本自動化では、以下の構造のプロンプトをCursorルールで指定し、障害まとめファイルおよびポストモーテムで使用するホワイトボードツールへのリンクを基に、カケハシで定められている障害報告書のテンプレートに沿った障害報告書作成を自動化しています。

入力情報

  • 障害まとめファイル
  • ポストモーテムで使用したホワイトボードツールのURL

Chain-of-Thought(CoT)プロンプティングを用いた障害報告書の生成

  1. 入力情報の抽出
  2. 入力情報の加工
  3. 障害報告書のテンプレート(出力形式の指定)の指定
    • テンプレートの章ごとに、入力情報のどの部分を参照し、どのようなロジックで生成するかを指定しています。
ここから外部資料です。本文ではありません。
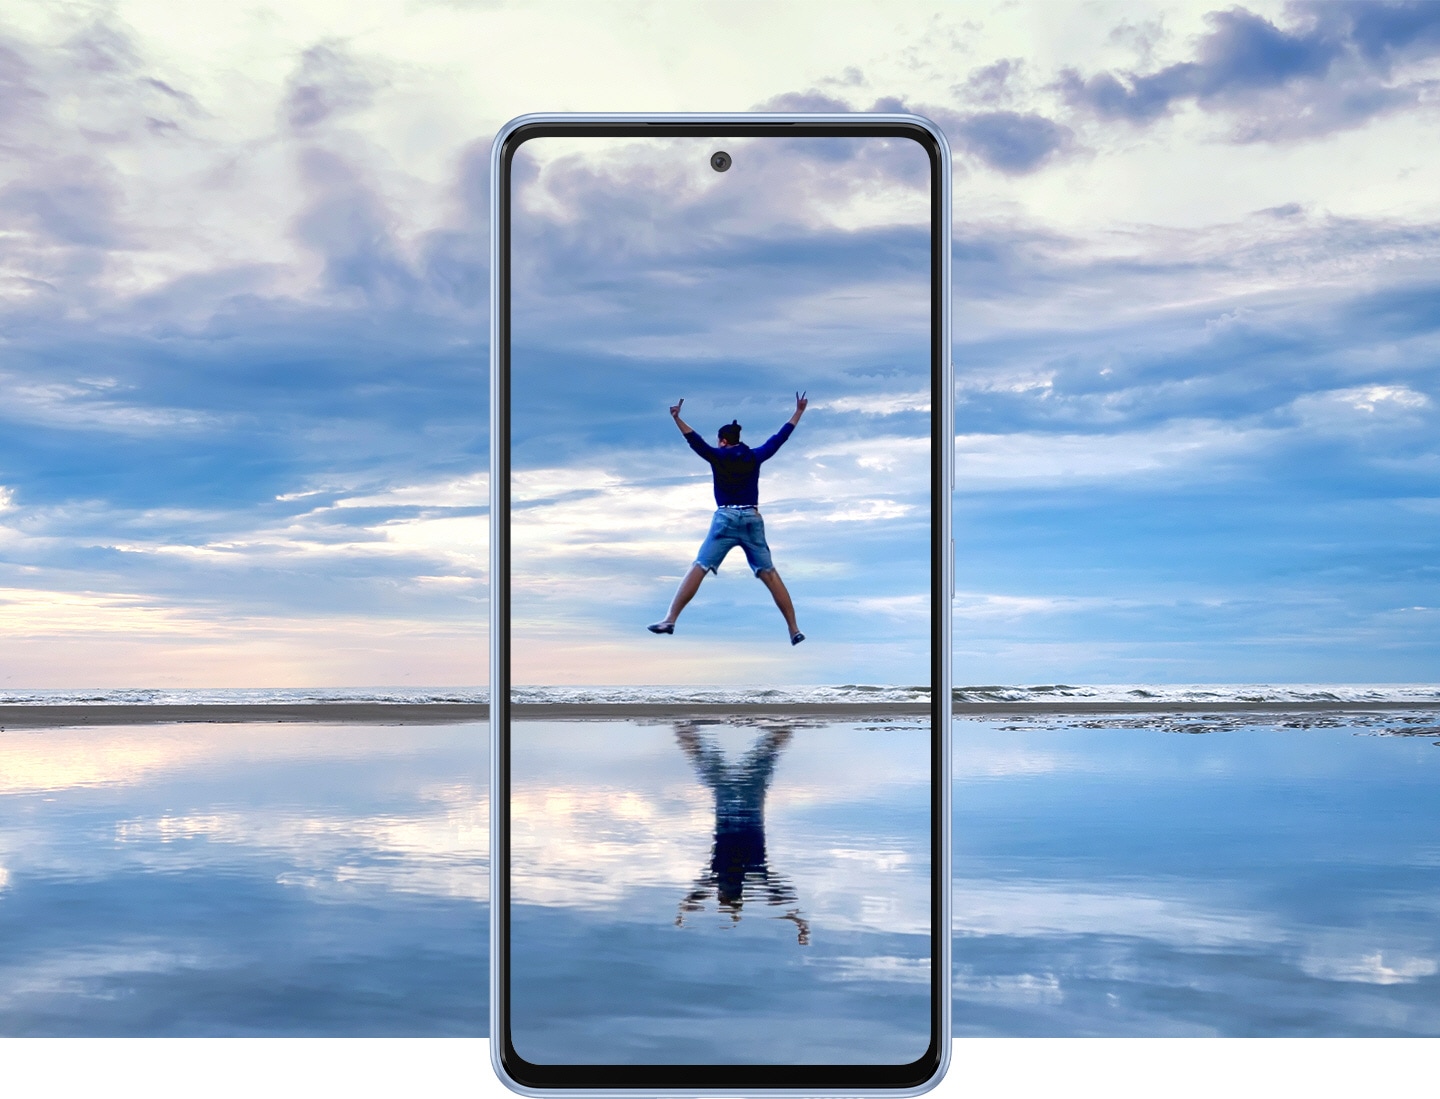 Galaxy A53 5G seen from the front against a beautiful landscape that overlaps onto the screen. It shows an expansive sky over water that reflects it with a thin horizon dissecting near the middle. In the center of the screen, a man is jumping in the air with all four limps outstretched and his reflection is shown on the water.
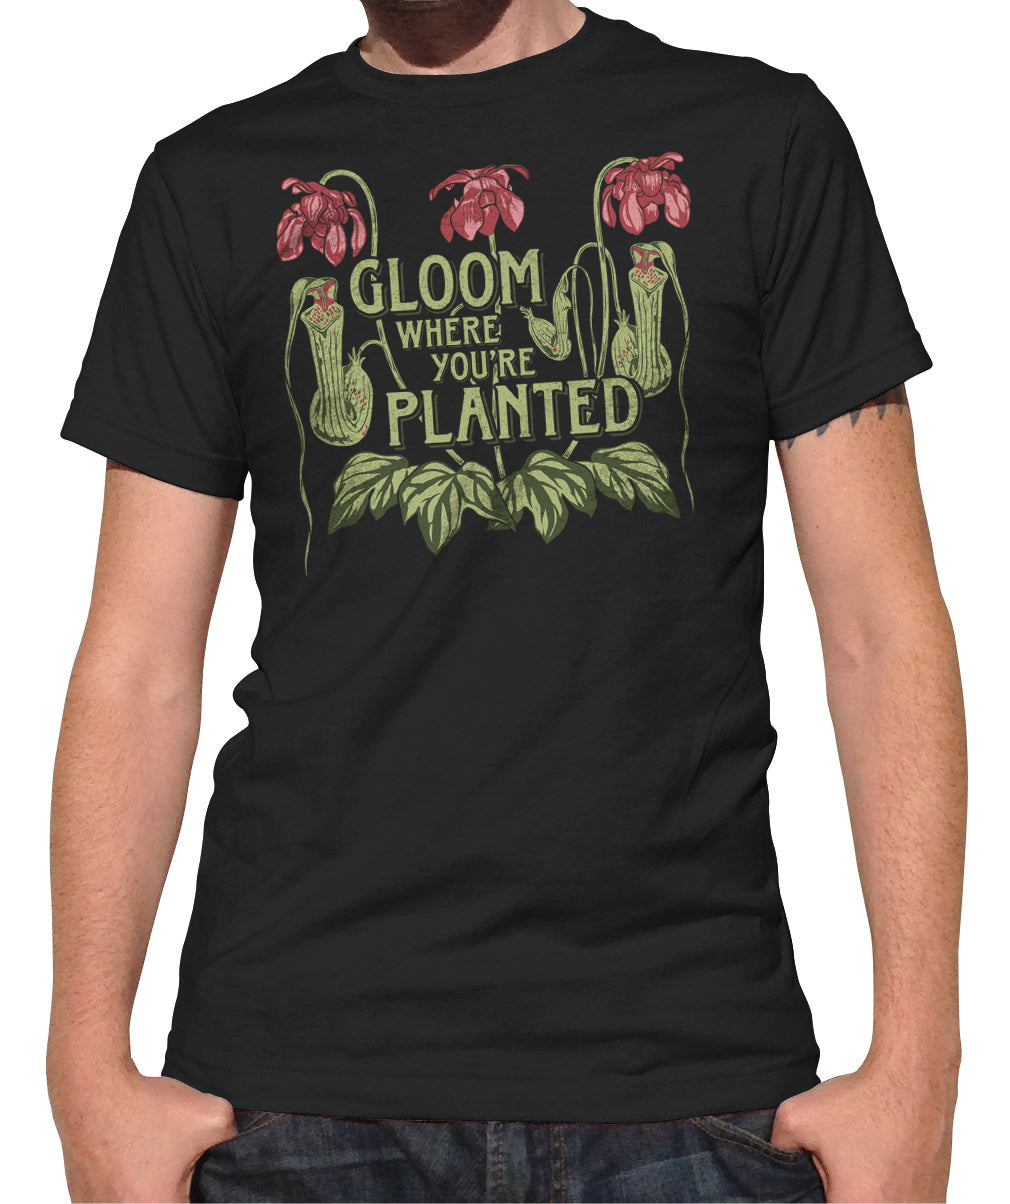 Men's Gloom Where You're Planted T-Shirt

そのため、本テンプレートの章ごとに、障害報告書を生成する際の思考の流れ(Chain-of-Thought)を記載しています。
  4. 出力先と形式の指定
    • Cursorのワークスペースの出力先フォルダを指定します。私は以下の形式でフォルダを指定しています。
    • 障害発生日_障害の要約(障害まとめファイルより取得)/incident_report.md

生成の流れの例(Few-shotプロンプティング)

  • 「Chain-of-Thoughtプロンプティングを用いた障害報告書の生成」を実際に実行した際のLLMの処理の流れを例示します。これにより、LLMが具体的な作業イメージを持ちやすくなり、生成品質の向上が期待できます。

制約事項

  • 生成時にLLMに守ってほしい事項を明記します。私は以下を指定しています。
    • 入力情報から生成できない部分は、正直に「わからない」と記載すること
    • 入力情報の解析に使用するツールの指定

参考程度にプロンプトおよび障害報告書のテンプレート(一部抜粋)を添付します

▪️Cursorルール

▪️障害報告書テンプレート(一部抜粋)

効果

障害報告書の作成時間が30〜40分から、5〜10分ほどに短縮できました。これによって、障害のポストモーテム完了後最短10分以内に関係者への展開が可能になりました。 また、テンプレートに沿って、視覚的情報や丁寧な文言で障害報告書が生成されるため、品質が向上しました。

これから効率化していきたいこと

最後に、統制者として今後効率化したいことを共有します。

ポストモーテムにおける重要論点の洗い出しと再発防止策の検討

一般に、障害対応には社内の複数ロールが関与します。そのため、障害のポストモーテムにも多様なメンバーが参加します。 ポストモーテムは障害を同じ原因で繰り返さない状態を作るために非常に重要なアクティビティです。一方で、上記の理由からポストモーテムに使える時間も限られています。 そのため、限られた時間のなかで障害の内容、原因、障害対応の流れをもとに振り返るべき重要な論点を絞り込み、再発防止策を打っていくことが重要です。統制者としても、最も困難なことの一つだと感じています。 そういった状況の中で、障害のまとめファイルや、議事録、Slackでのやり取りをもとに、LLMの客観的な目線で再発防止策を打つべき論点を洗い出し、優先度順に並べて整理してもらうことで、振り返る論点の明確化をサポートしてもらえるのではないかと考えています。

まとめ

今回はCursorを使って、社内向け障害報告書の作成を自動化してみました! 障害は顧客にご迷惑をおかけしている状況だからこそ、生成AIを活用して障害対応のスピードを高め、ポストモーテムを効率化し、復旧の迅速化や障害発生率の低減に貢献していければと思っています。

最後までお読みいただきありがとうございました。この記事が少しでも皆さまの障害対応の一助になれば幸いです。